ES: Enrichment score.
NES: Normalized enrichment score by number of CpGs associated to the feature.
size: Number of CpGs associated to the feature.
leadingEdge: Leading edge CpGs which drive the enrichment.

head(myResults[["promoters"]][,-7])

On the other hand, promoters_association is a list with the CpG probes associated to each feature:

head(myResults[["promoters_association"]], 3)

You can also provide a custom association object between CpG probes and regions (customAnnotation option). This object should be a list with a structure similar to this:

head(assocGenes450k, 3)

Step 3: Plotting the results

Once you found some DMRs, you can make a plot with the genomic context of the interesting ones. For that, you must provide mCSEAPlot() function with the mCSEATest() results, and you must specify which type of region you want to plot and the name of the DMR to be plotted (e.g. gene name). There are some graphical parameters you can adjust (see mCSEAPlot() help). Take into account that this function connects to some online servers in order to get genomic information. For that reason, this function could take some minutes to finish the plot, specially the first time it is executed.

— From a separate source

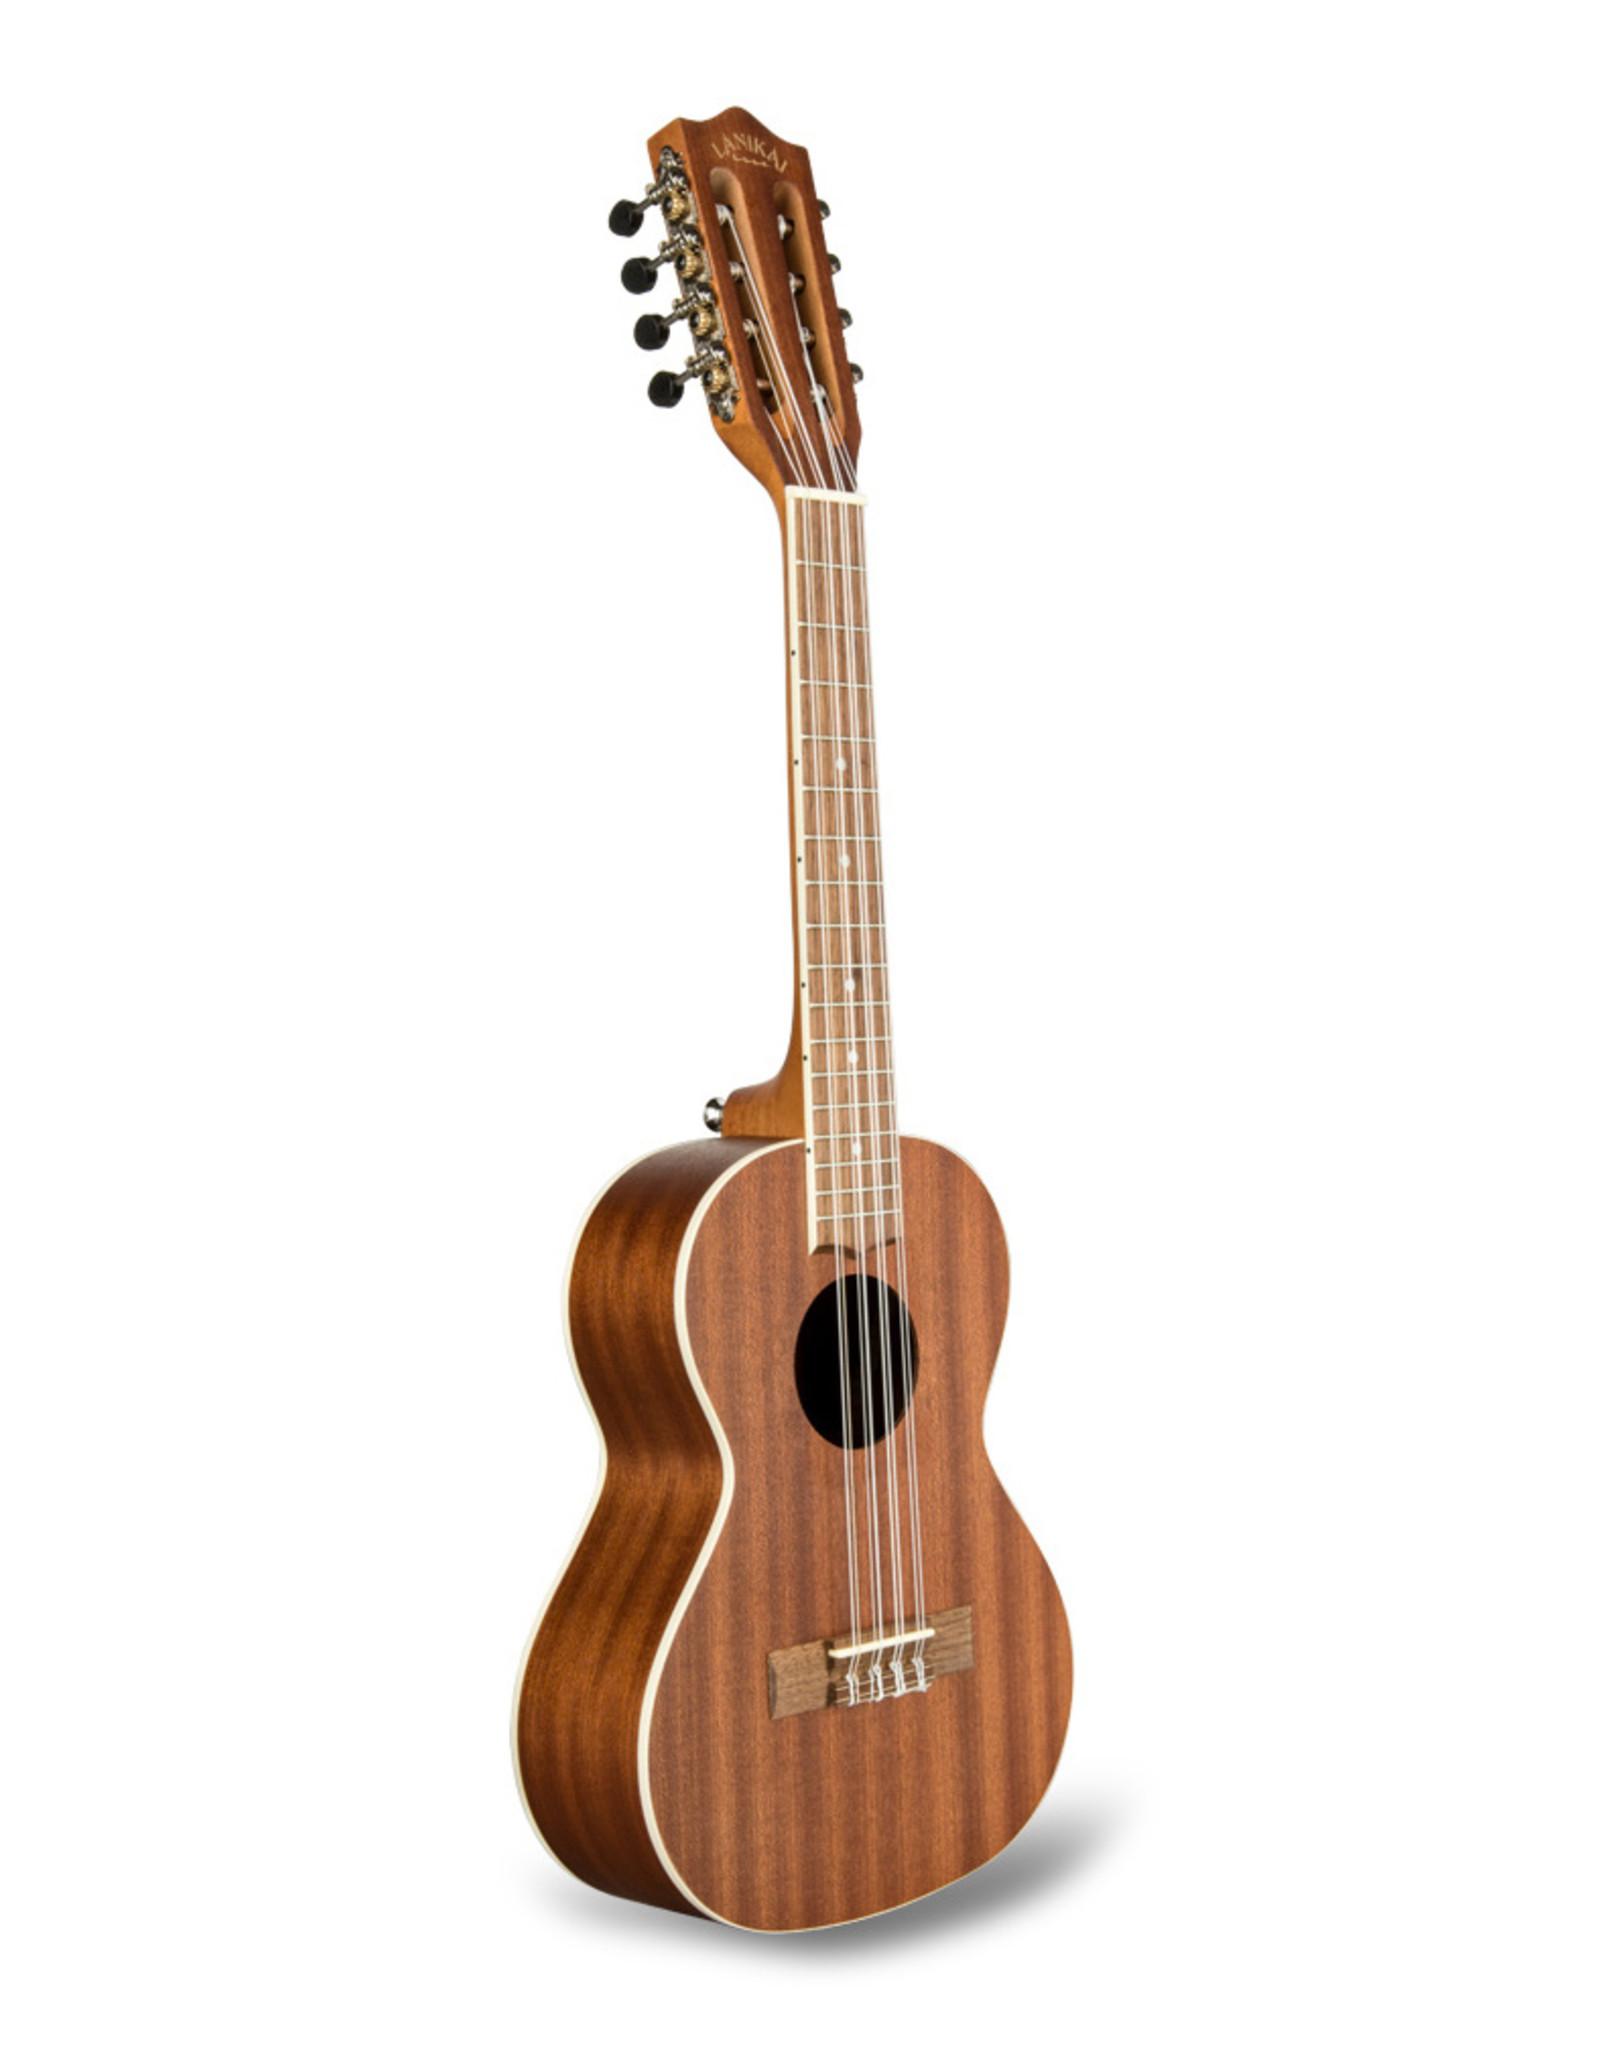 LANIKAI Lanikai Mahogany Tenor 8 String Uke

mCSEAPlot(myResults, regionType = "promoters", 
           dmrName = "CLIC6",
           transcriptAnnotation = "symbol", makePDF = FALSE)

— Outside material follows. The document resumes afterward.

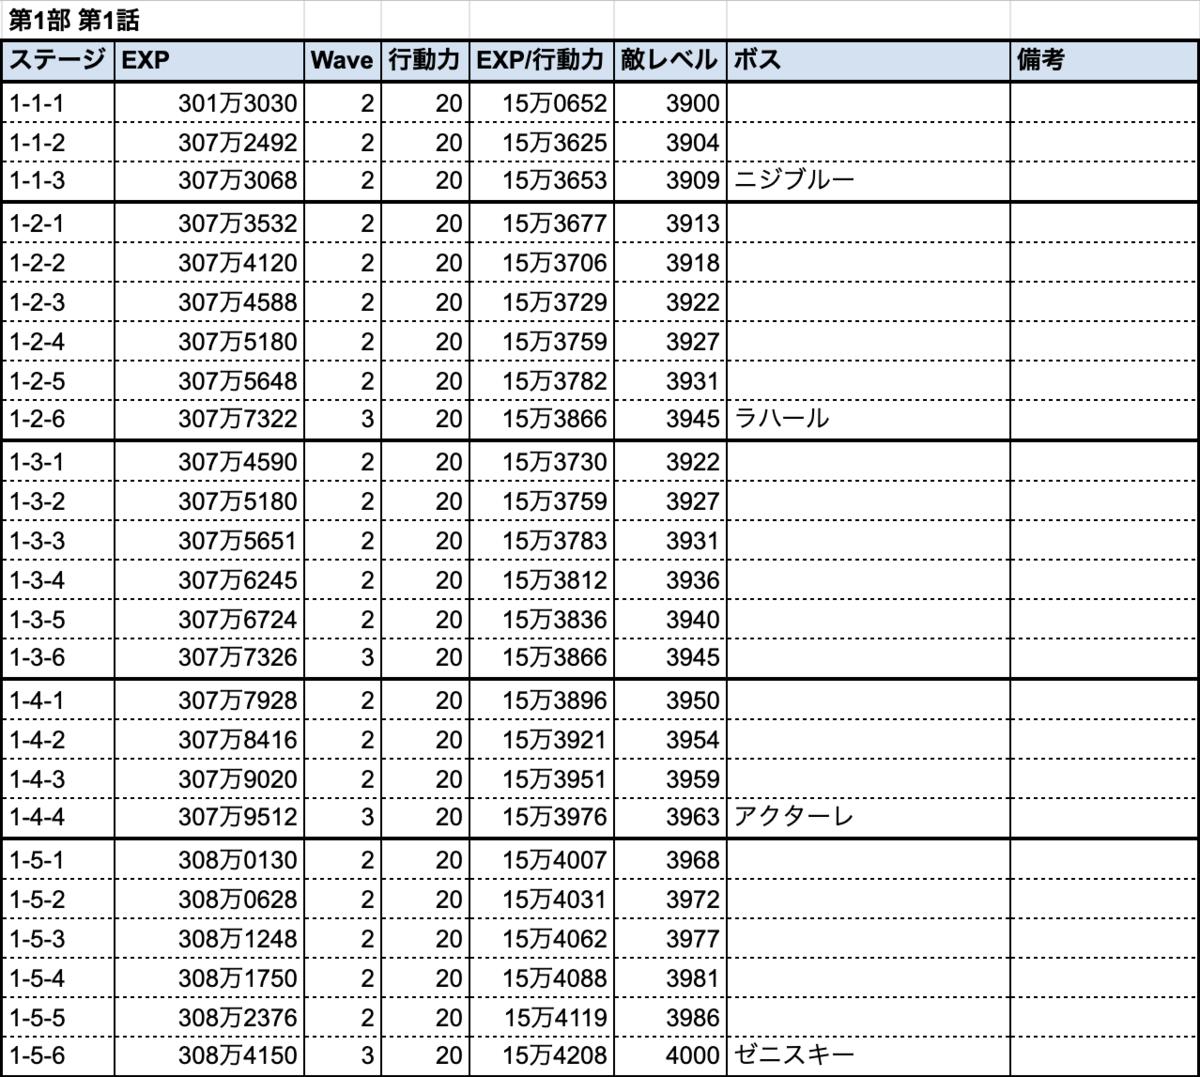 f:id:Yoshitaka-0922:20200719215117p:plain

You can also plot the GSEA results for a DMR with mCSEAPlotGSEA() function.

mCSEAPlotGSEA(myRank, myResults, regionType = "promoters", dmrName = "CLIC6")

Integrating methylation and expression data

If you have both methylation and expression data for the same samples, you can integrate them in order to discover significant associations between methylation changes in a DMR and an expression alterations in a close gene. mCSEAIntegrate() considers the DMRs identified by mCSEATest() passing a P-value threshold (0.05 by default). It calculates the mean methylation for each condition using the leading edge CpGs and performs a correlation test between this mean DMR methylation and the expression of close genes. This function automatically finds the genes located within a determined distance (1.5 kb) from the DMR. Only correlations passing thresholds (0.5 for correlation value and 0.05 por P-value by default) are returned. For promoters, only negative correlations are returned due to this kind of relationship between promoters methylation and gene expression has been largely observed (@jones12). On the contrary, only positive correlations between gene bodies methylation and gene expression are returned, due to this is a common relationship observed (@jones12). For CpG islands and custom regions, both positive and negative correlations are returned, due to they can be located in both promoters and gene bodies.

To test this function, we extracted a subset of 100 genes expression from bone marrows of 10 healthy and 10 leukemia patients (exprTest). Data was extracted from r BiocStyle::Biocpkg("leukemiasEset") package.

# Explore expression data
head(exprTest, 3)

# Run mCSEAIntegrate function
resultsInt <- mCSEAIntegrate(myResults, exprTest, "promoters", "ENSEMBL")

resultsInt

It is very important to specify the correct gene identifiers used in the expression data (geneIDs parameter). mCSEAIntegrate() automatically generates correlation plots for the significant results and save them in the directory specified by folder parameter (current directory by default).

Integration plot for GATA2 promoter methylation and ENSG00000179348
expression. Note that, actually, both names refers to the same gene, but
SYMBOL was used to analyze promoters methylation and ENSEMBL ID was used as
gene identifiers in the expression data.